Furthermore, it is remarkable that there are currently two camps of experts as far as the issue of AD is concerned. One group claims that a reduction in the AD levels should be interpreted as a threat to the economic well-being of the state and, therefore, needs to be addressed in a manner as efficient and expeditious as possible. The proponents of the view that an AD drop is dangerous to suggest increasing the state’s competitiveness in the global market by reinforcing the labor productivity and making the state attractive to investors so that the capital flow could be increased. The other group, in its turn, assumes that drops in the AD levels are an integral part of the economic development.
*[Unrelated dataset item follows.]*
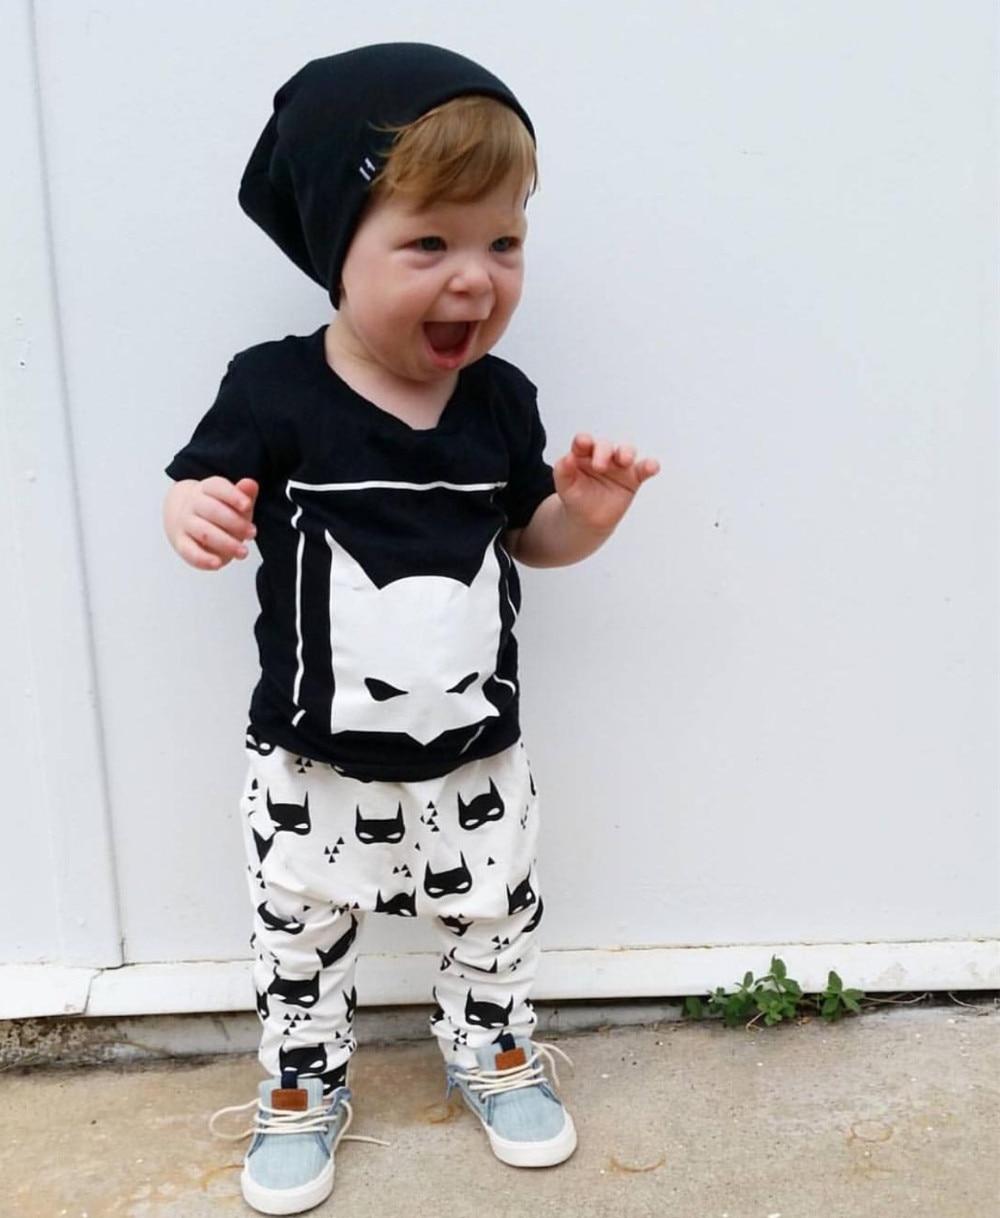 0ce6dddd1026 2019 New Fashion baby boy clothing set infant clothes unisex short-sleeved  cartoon T-shirt+pants 2pcs newborn baby girl clothes

Although the identified experts also admit that the low AD levels have a negative effect on the U.S. economy, they presume that the specified changes should be considered important lessons to learn so that similar issues could be avoided in the future (Coughlin et al., 2016).
It appears that both parties of the argument in question have a point. On the one hand, rises and drops in economic growth and, therefore, the changes in the AD rates are part and parcel of the economic cycle (the United States current account, 2016). Nevertheless, people still have to learn important lessons from the negative experiences that they had in a specific time period. Therefore, the problems that the U.S. economy is currently experiencing the need to be analyzed and addressed appropriately so that similar issues could be avoided successfully in the future. As a result, rapid and consistent progress can be expected.
References
Coughlin, C. C., Pakko, M. R., Poole, W. (2016). How dangerous is the U.S. current account deficit?Web.
Eitemann, D. K., Stonehill, A. I., & Moffett, M. H. (2013). Multinational business finance (13th ed.). Upper Saddle River, NJ: Pearson Education, Ltd.
Hay, C. (2013). Treating the symptom not the condition: Crisis definition, deficit reduction and the search for a new British growth model. British Journal of Politics and International Relations, 15(1), 23-27.
United States current account. (2016). Web.